The doctors reported that her hymen was still intact. Her case, however, is still travelling through Afghanistan’s judicial hierarchy.
Neda has been cleared of the charges by the local prosecutor’s office. But, astonishingly, her case now has to be ruled on by the state Supreme Court. It is yet to make a decision.
“Virginity tests don’t have any scientific basis and should be banned. The test is in violation of the country’s Constitution, Islamic law and international regulations,” Soraya Sobhrang, a commissioner at the Afghanistan Independent Human Rights Commission, told the BBC.
As a result of this archaic practice, businesses have popped up to capitalize on the suffering of women by promising to restore virginity by repairing their hymen. It’s beyond illegal and invasive, and it is also dangerous and expensive. However, a woman’s virginity is a highly-prized possession, seen as a symbol of modesty and purity. If a woman is thought to have had premarital sex, the public humiliation might accompany a prison sentence or even lead to an honor killing.
The third-world country has no official statistics, but anecdotal evidence suggests that the tests are a common occurrence in Afghanistan.

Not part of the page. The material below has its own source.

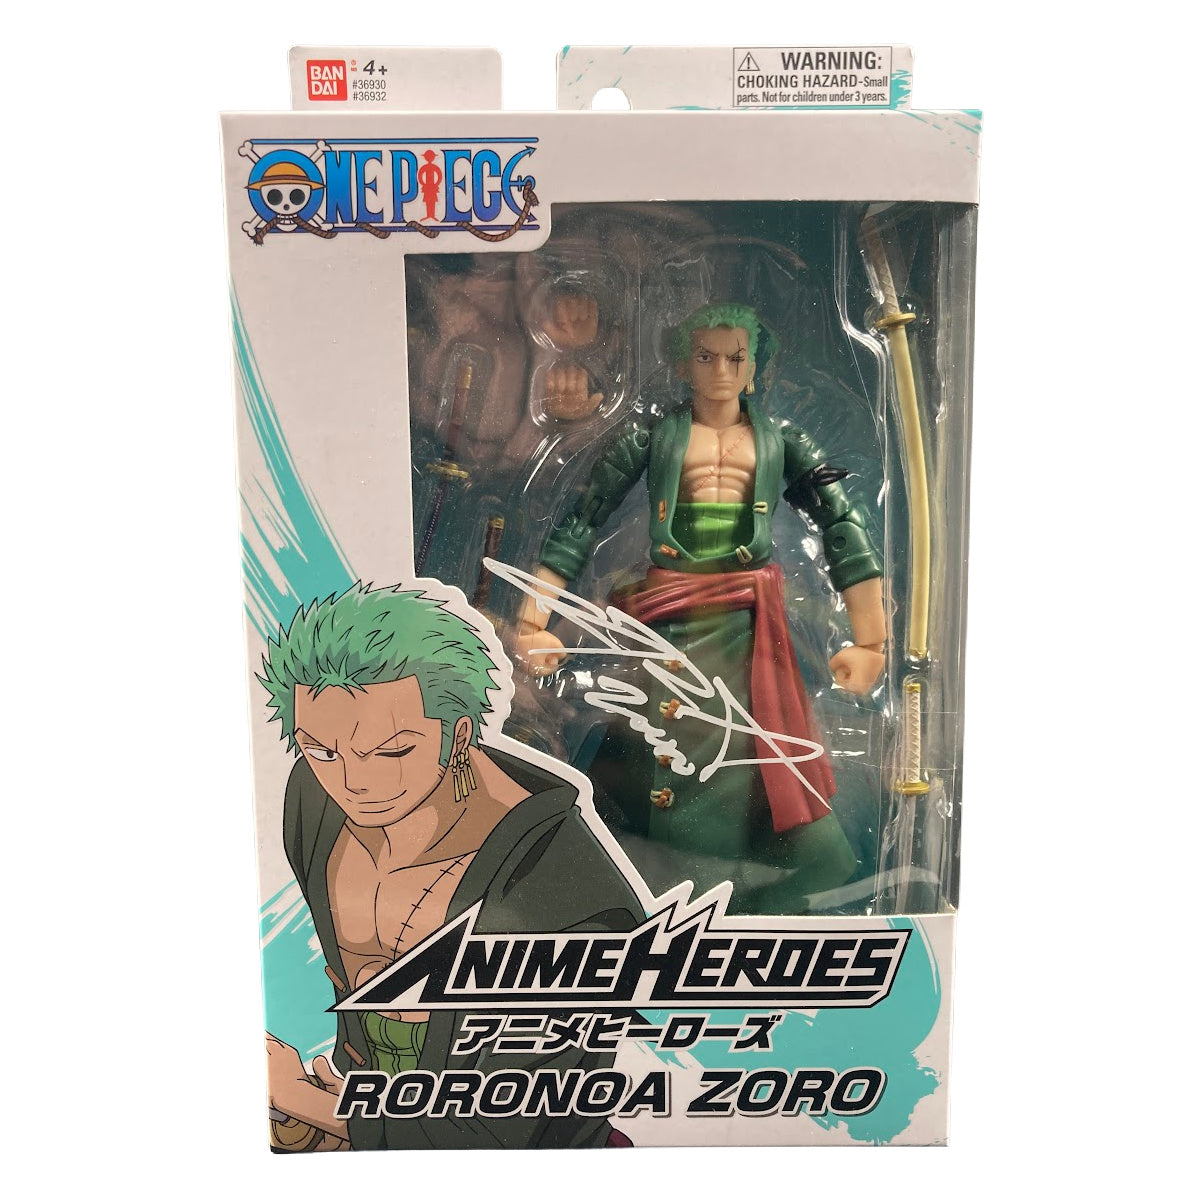 Christopher Sabat Signed One Piece Action Figure Anime Heroes One Piece Zoro JSA

One female gynecologist interviewed, Bobani Haidari of Bamiyan Province, told the BBC that she can be asked to perform 10 virginity tests in a single day. And it’s not uncommon for women to have undergone multiple tests.
Forced virginity tests are legal in Afghanistan. The test is often ordered by prosecutors and law enforcement officers in cases where women are accused of committing “moral crimes.”